Below are the logs that show the race. Notice how the "Requesting to kill executor(s) 137" came in the middle of the removal which is in CoarseGrainedSchedulerBackend.killExecutors and but it doesn't actually run through to add it to executorsPendingToRemove "Actual list of executor(s) to be killed is 137" until after it was added back to the hostToExecutors list ("Host added was in lost list earlier: foo1.com")
2017-11-14 15:56:44,376 [task-result-getter-0] INFO org.apache.spark.scheduler.TaskSetManager - Finished task 3203.0 in stage 7.0 (TID 11011) in 1396594 ms on foo3.com (executor 8) (2971/4004)
2017-11-14 15:56:50,729 [dispatcher-event-loop-23] WARN org.apache.spark.HeartbeatReceiver - Removing executor 137 with no recent heartbeats: 639438 ms exceeds timeout 600000 ms
2017-11-14 15:56:50,731 [dispatcher-event-loop-23] ERROR org.apache.spark.scheduler.cluster.YarnClusterScheduler - Lost executor 137 on foo1.com: Executor heartbeat timed out after 639438 ms
2017-11-14 15:56:50,773 [dispatcher-event-loop-23] WARN org.apache.spark.scheduler.TaskSetManager - Lost task 2696.0 in stage 7.0 (TID 11061, foo1.com, executor 137): ExecutorLostFailure (executor 137 exited caused by one of the running tasks) Reason: Executor heartbeat timed out after 639438 ms
2017-11-14 15:56:50,778 [dag-scheduler-event-loop] INFO org.apache.spark.scheduler.DAGScheduler - Executor lost: 137 (epoch 0)
2017-11-14 15:56:50,779 [dispatcher-event-loop-20] INFO org.apache.spark.storage.BlockManagerMasterEndpoint - Trying to remove executor 137 from BlockManagerMaster.
2017-11-14 15:56:50,779 [kill-executor-thread] INFO org.apache.spark.scheduler.cluster.YarnClusterSchedulerBackend - Requesting to kill executor(s) 137
2017-11-14 15:56:50,780 [dispatcher-event-loop-20] INFO org.apache.spark.storage.BlockManagerMasterEndpoint - Removing block manager BlockManagerId(137, foo1.com, 42569, None)
2017-11-14 15:56:50,780 [dag-scheduler-event-loop] INFO org.apache.spark.storage.BlockManagerMaster - Removed 137 successfully in removeExecutor
2017-11-14 15:56:50,781 [dag-scheduler-event-loop] INFO org.apache.spark.scheduler.DAGScheduler - Host added was in lost list earlier: foo1.com
2017-11-14 15:56:50,782 [kill-executor-thread] INFO org.apache.spark.scheduler.cluster.YarnClusterSchedulerBackend - Actual list of executor(s) to be killed is 137
2017-11-14 15:56:50,827 [dispatcher-event-loop-6] INFO org.apache.spark.deploy.yarn.ApplicationMaster$AMEndpoint - Driver requested to kill executor(s) 137.
2017-11-14 15:56:51,616 [Reporter] INFO org.apache.spark.deploy.yarn.YarnAllocator - Will request 1 executor container(s), each with 10 core(s) and 15360 MB memory (including 8192 MB of overhead)

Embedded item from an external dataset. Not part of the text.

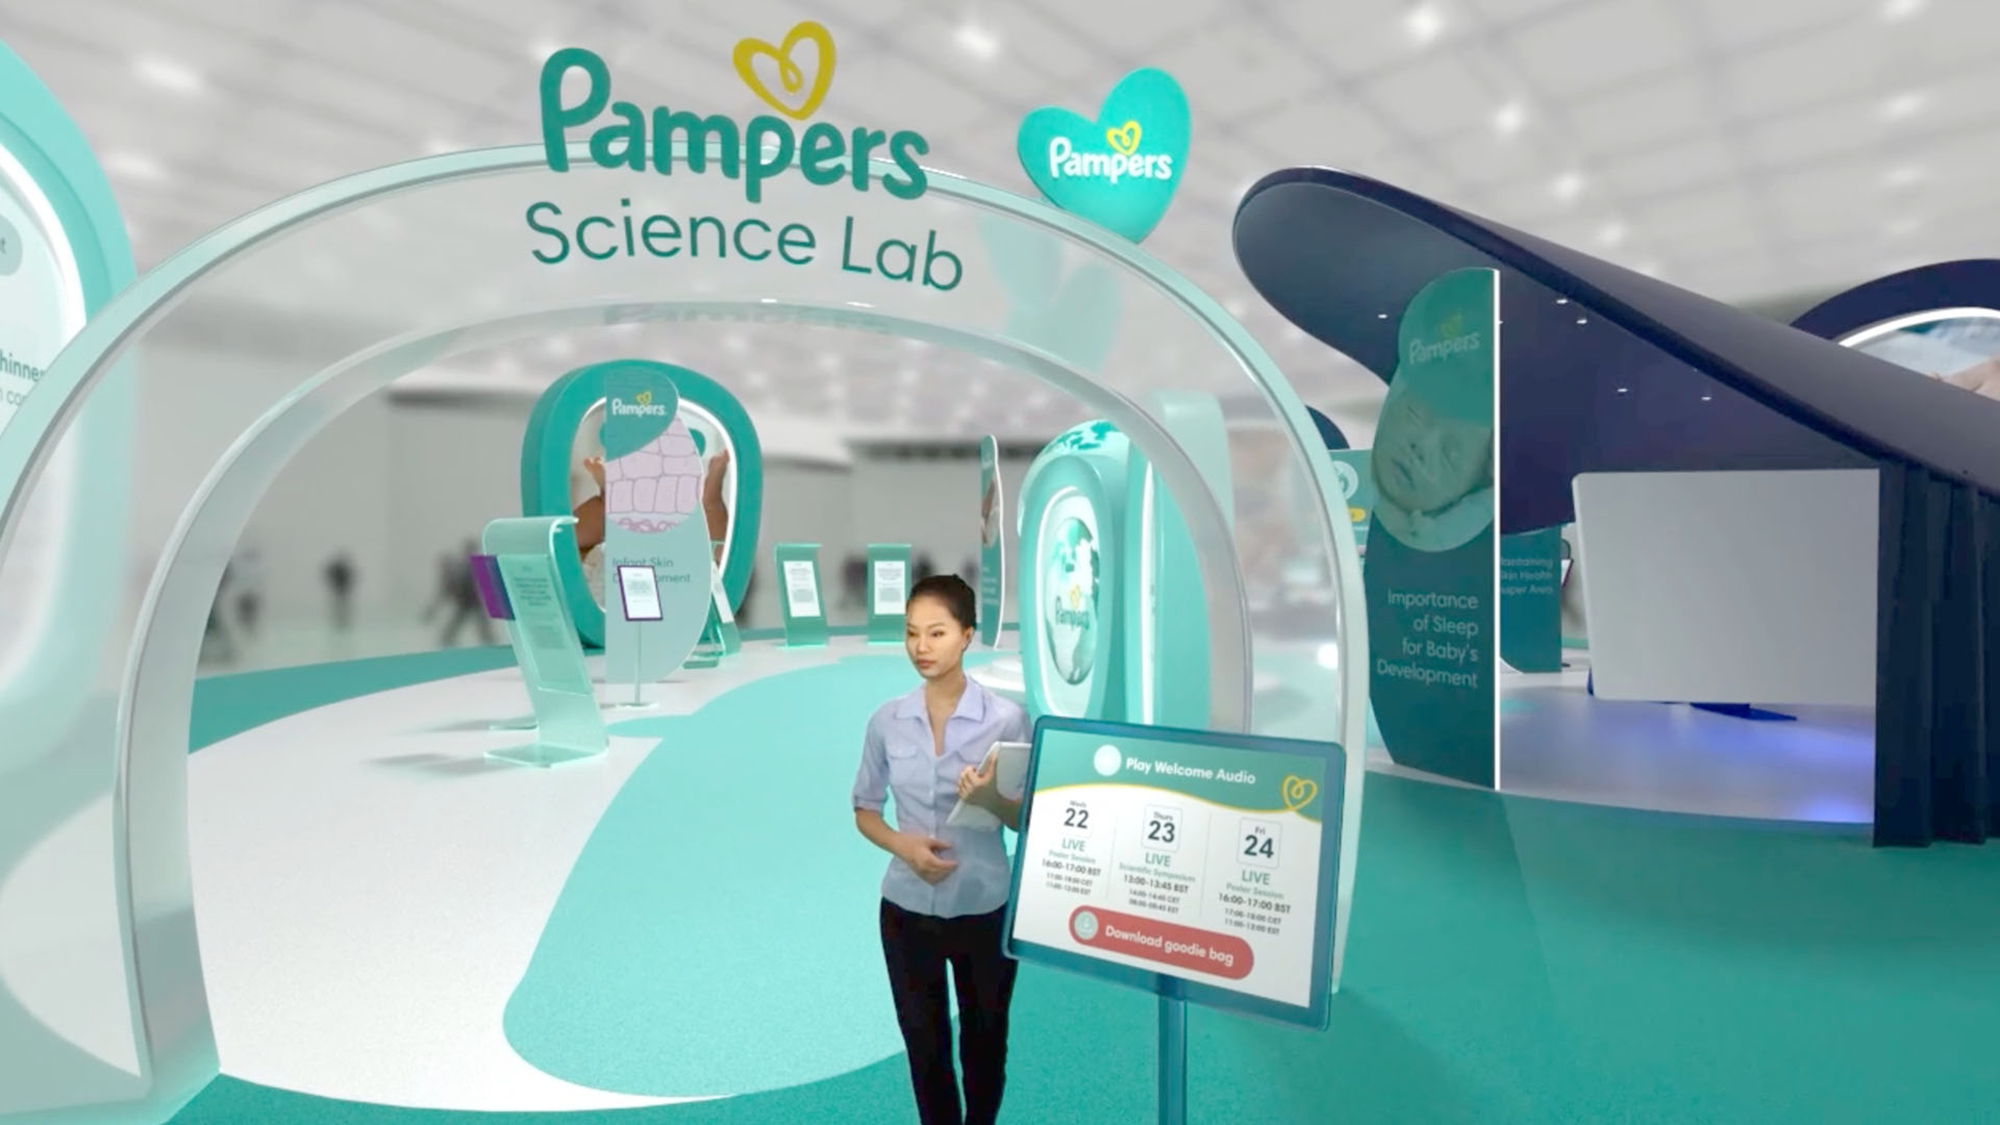 Pampers 3d rendered display with a person ready to welcome you.
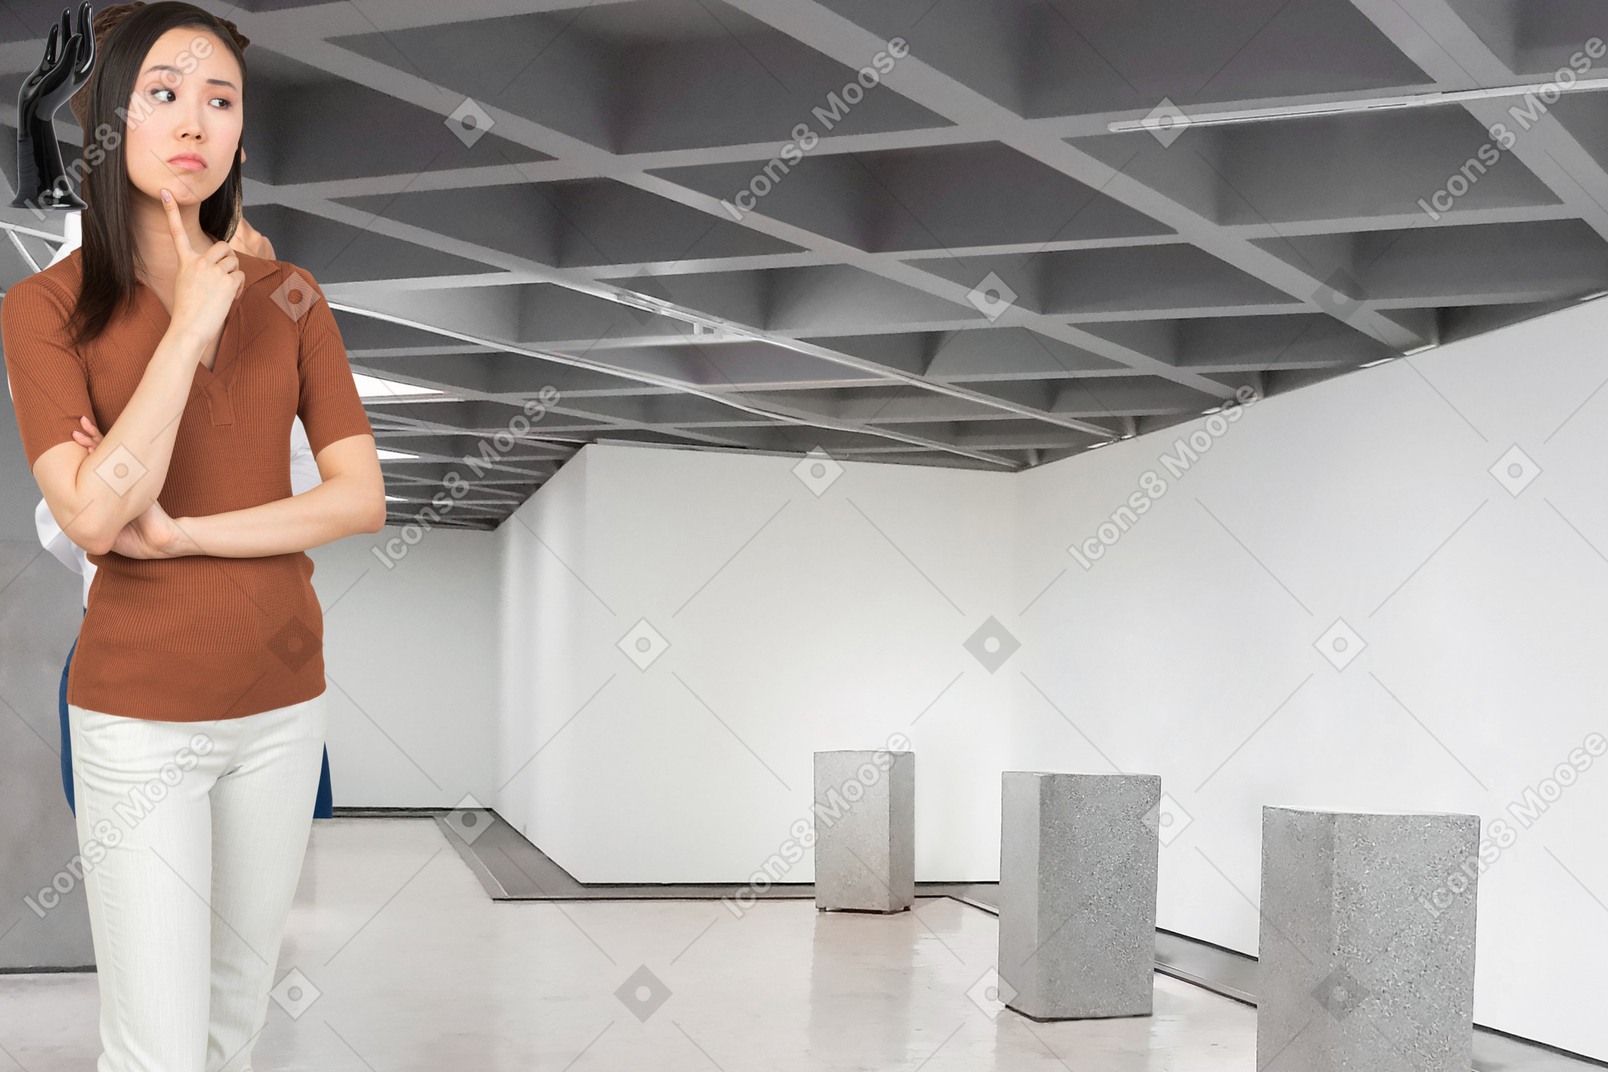 A woman standing in an empty gallery

Note there may be another bug here with speculation as well because some time later I see this same host in a log message that makes it sound like it thinks the task is still running on that dead host:
2017-11-14 16:46:40,970 [task-scheduler-speculation] INFO org.apache.spark.scheduler.TaskSetManager - Marking task 2696 in stage 7.0 (on gsbl560n05.blue.ygrid.yahoo.com) as speculatable because it ran more than 2254168 ms
We can split this off into another jira if we find its actually a bug. It looks like the issue there is the TaskSetManager.copiesRunning is not decremented because we are using external shuffle service but needs further investigation.